▶ **Required action**: Return the records word for word. Any pictures in them are not part of the copy.
════════════════════
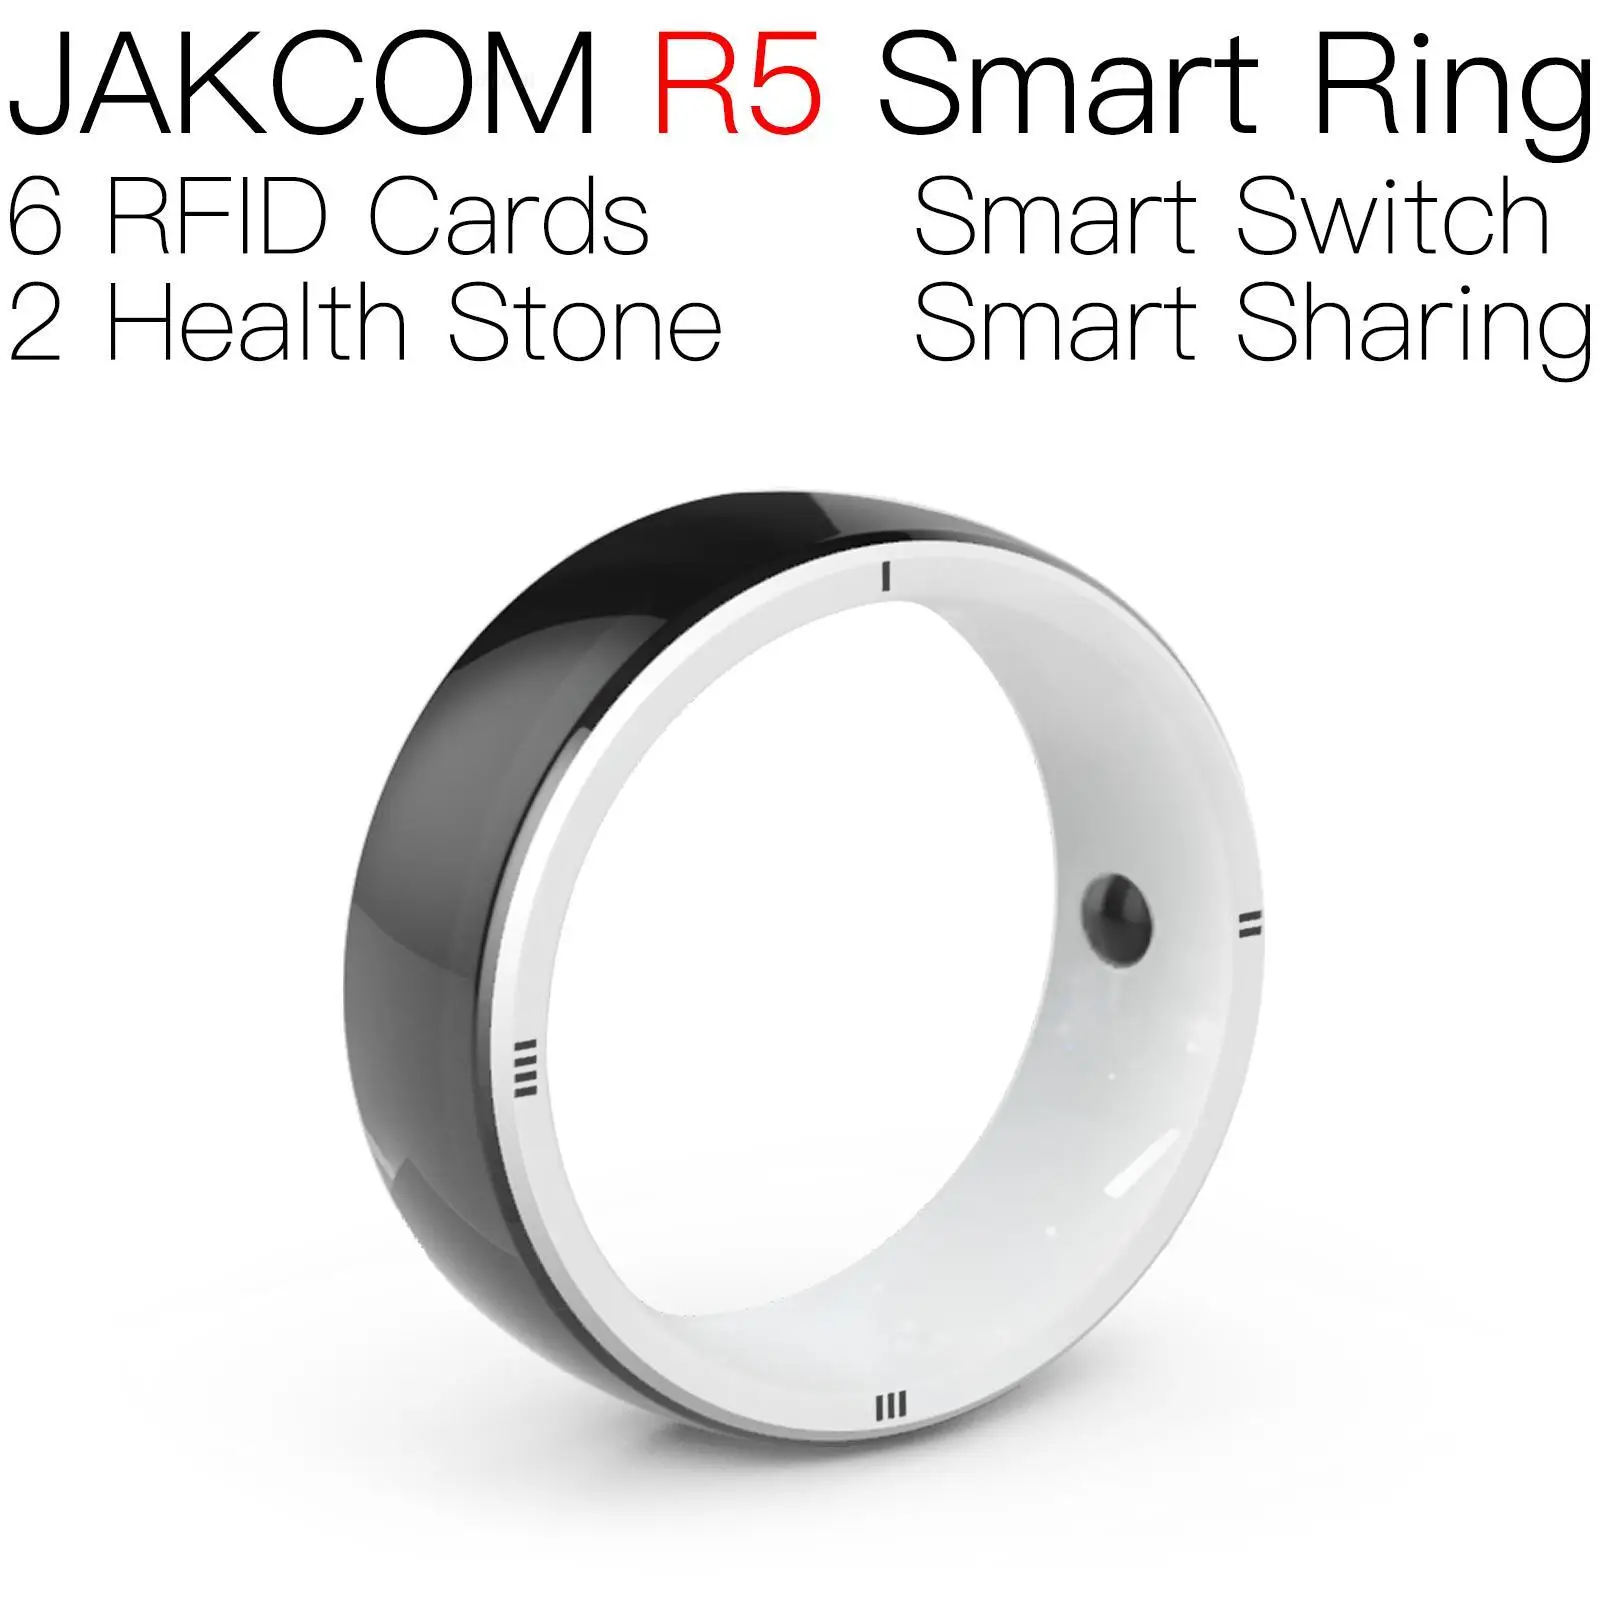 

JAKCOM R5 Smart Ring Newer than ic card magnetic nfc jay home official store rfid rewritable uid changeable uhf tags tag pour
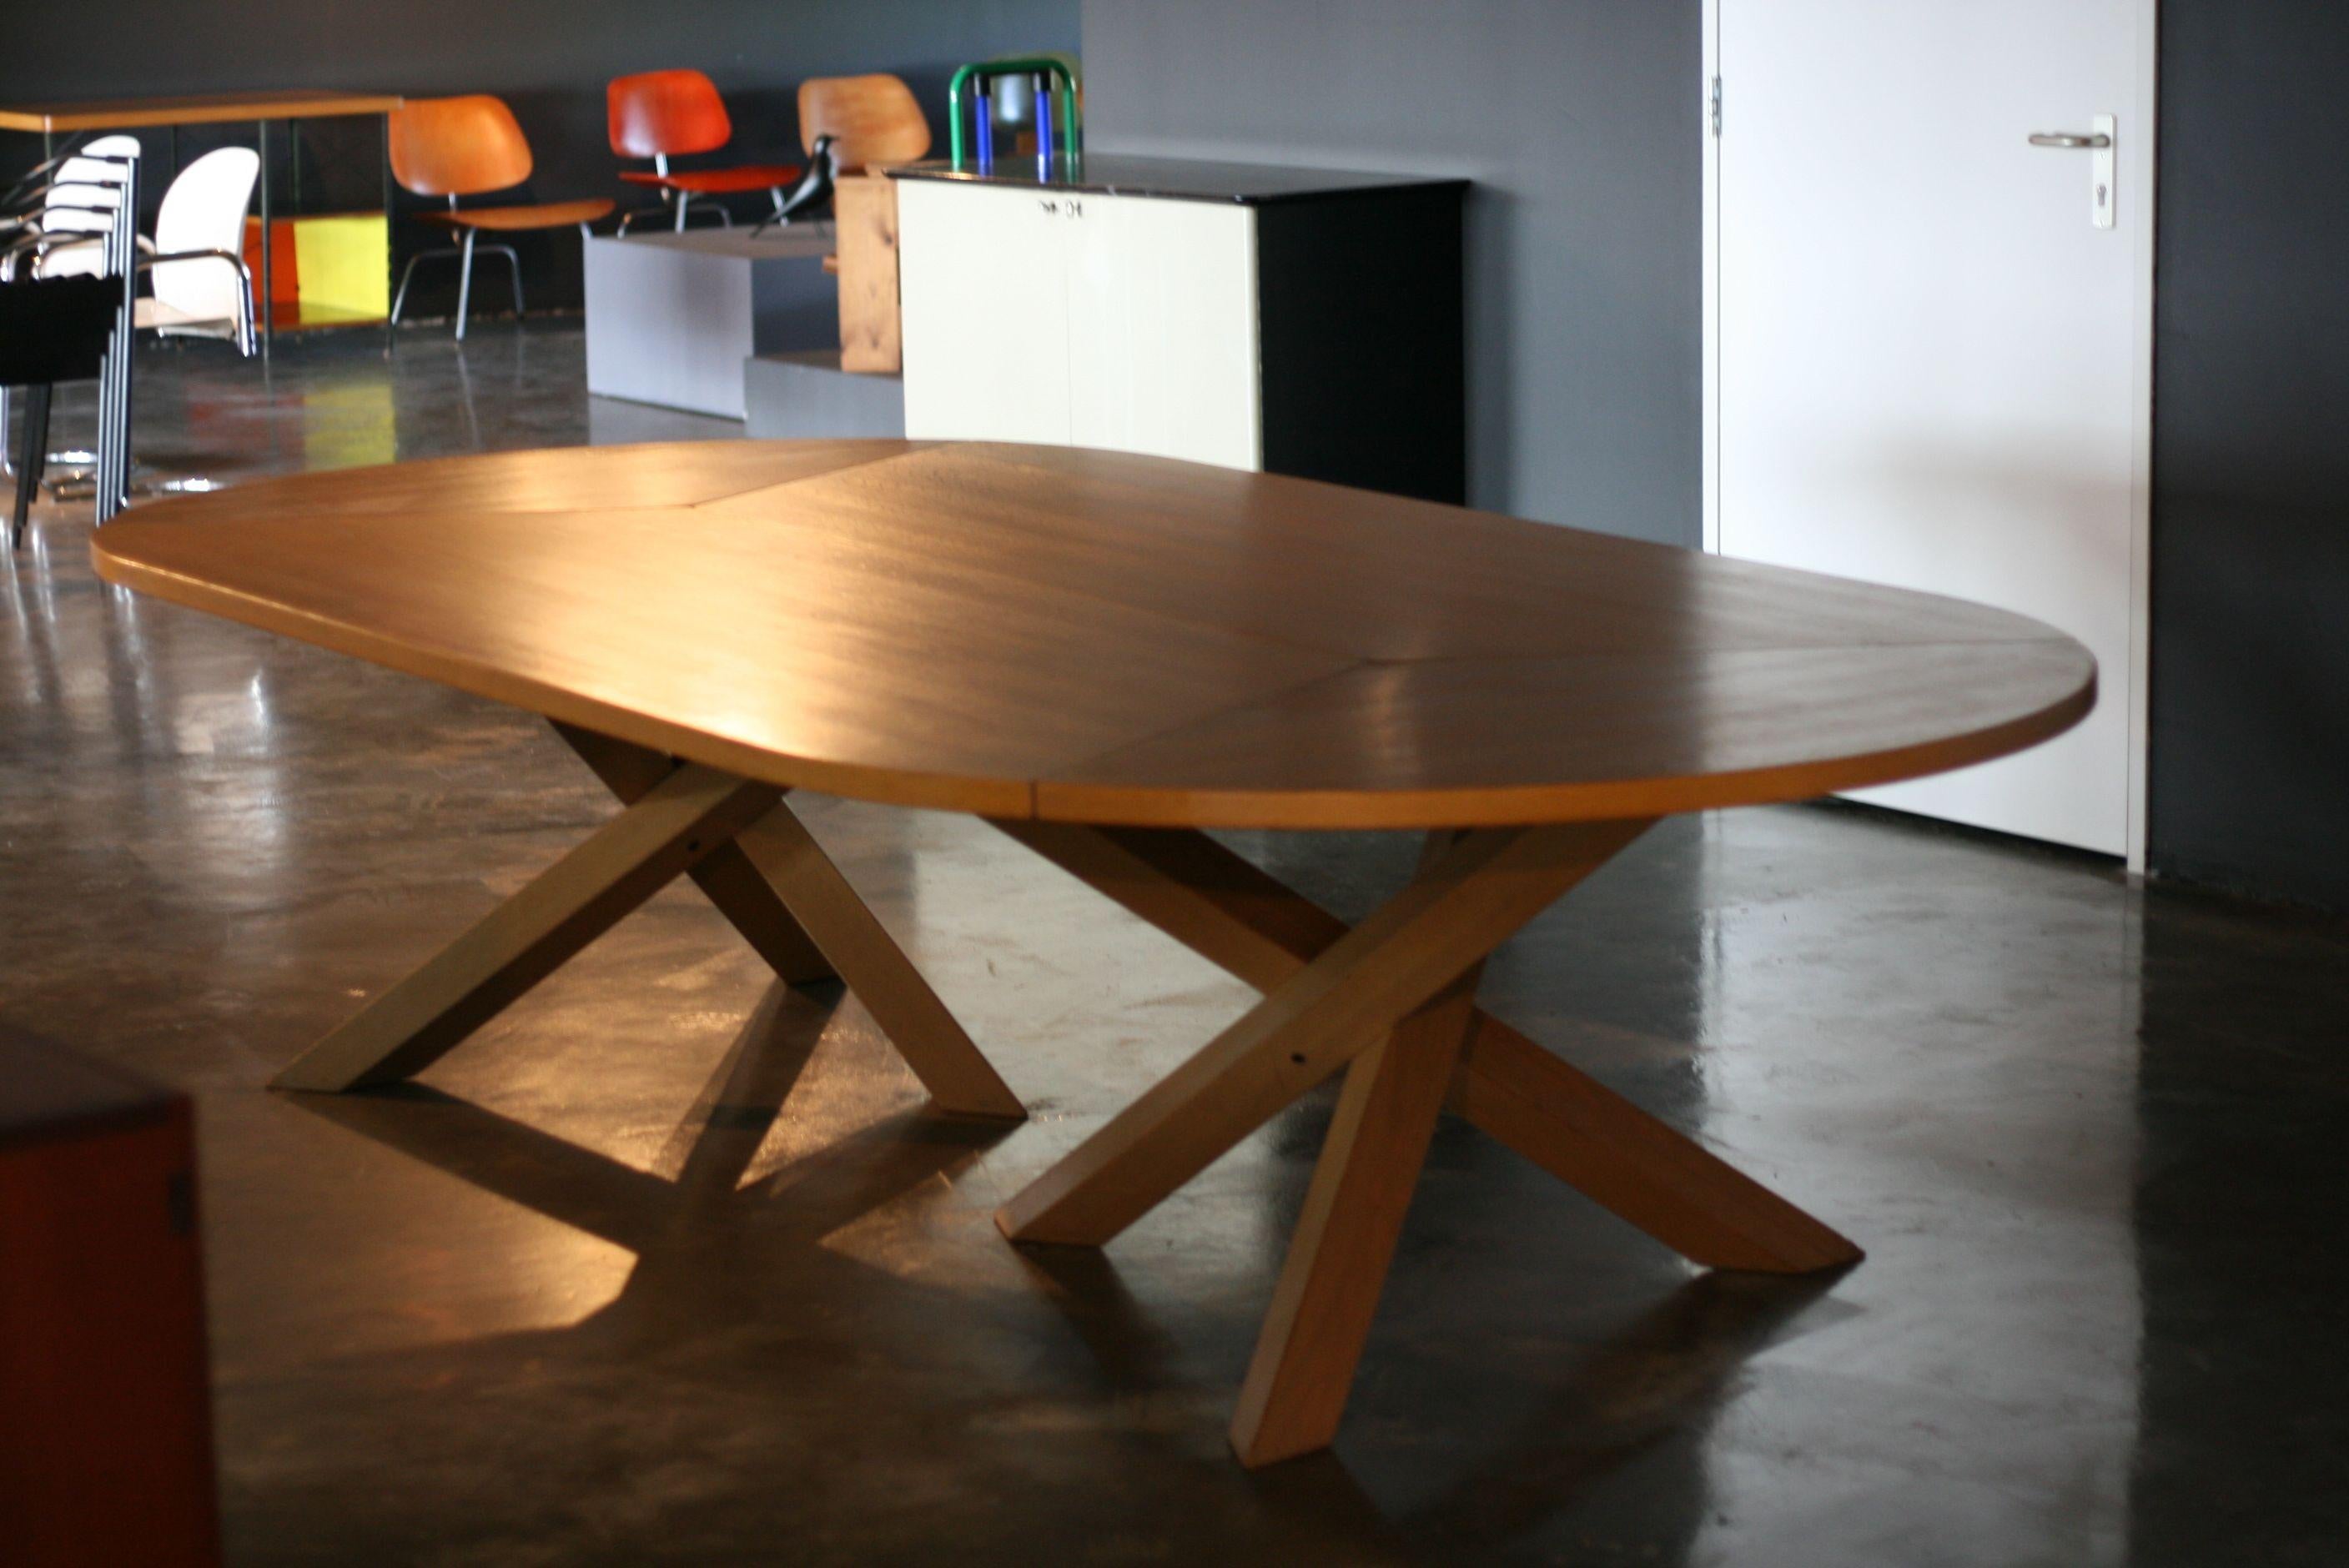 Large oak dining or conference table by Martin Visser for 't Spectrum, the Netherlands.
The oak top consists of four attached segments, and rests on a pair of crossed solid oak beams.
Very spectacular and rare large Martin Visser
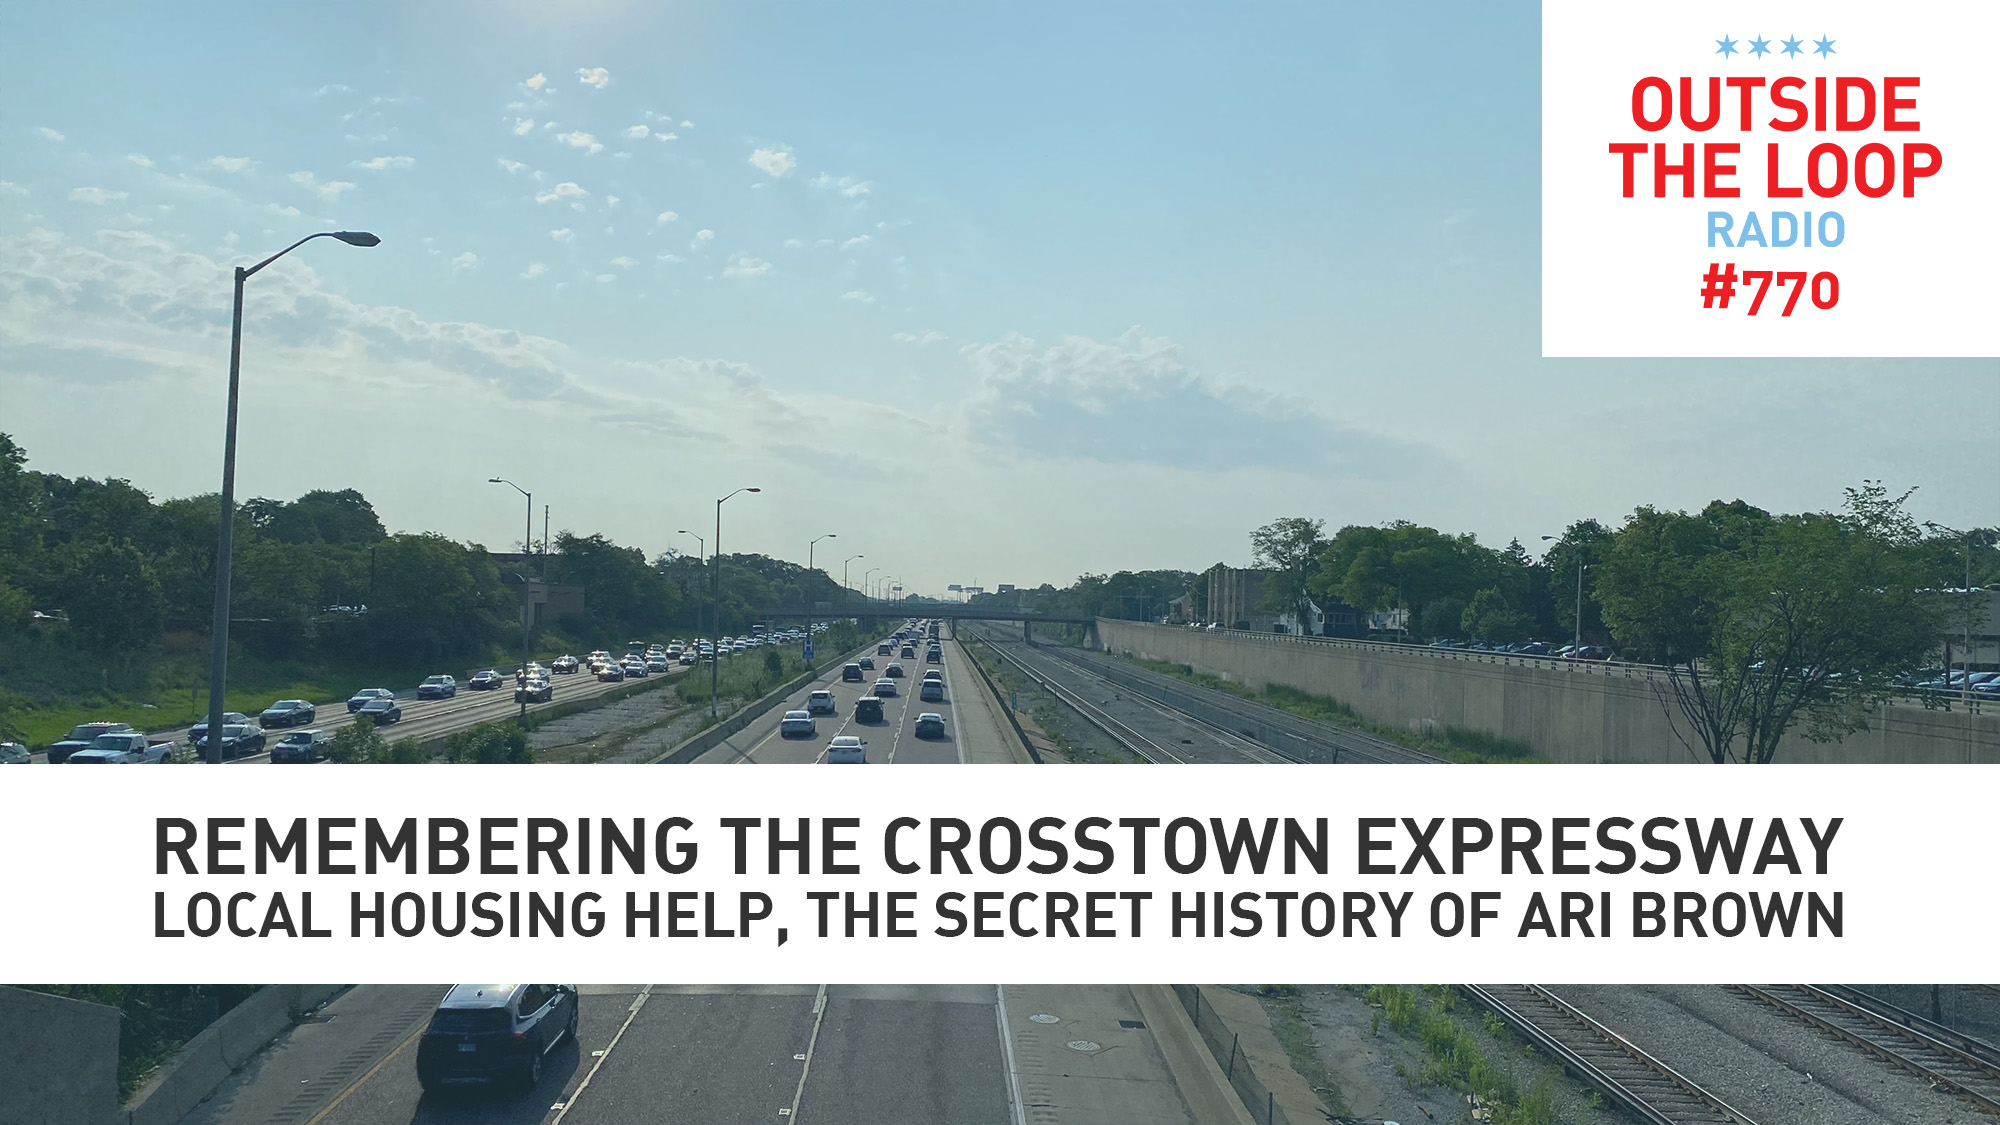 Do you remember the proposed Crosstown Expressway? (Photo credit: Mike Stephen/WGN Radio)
════════════════════
▶ **Solution to this problem**:
JAKCOM R5 Smart Ring Newer than ic card magnetic nfc jay home official store rfid rewritable uid changeable uhf tags tag pour
 Large oak dining or conference table by Martin Visser for 't Spectrum, the Netherlands.
The oak top consists of four attached segments, and rests on a pair of crossed solid oak beams.
Very spectacular and rare large Martin Visser
 Do you remember the proposed Crosstown Expressway? (Photo credit: Mike Stephen/WGN Radio)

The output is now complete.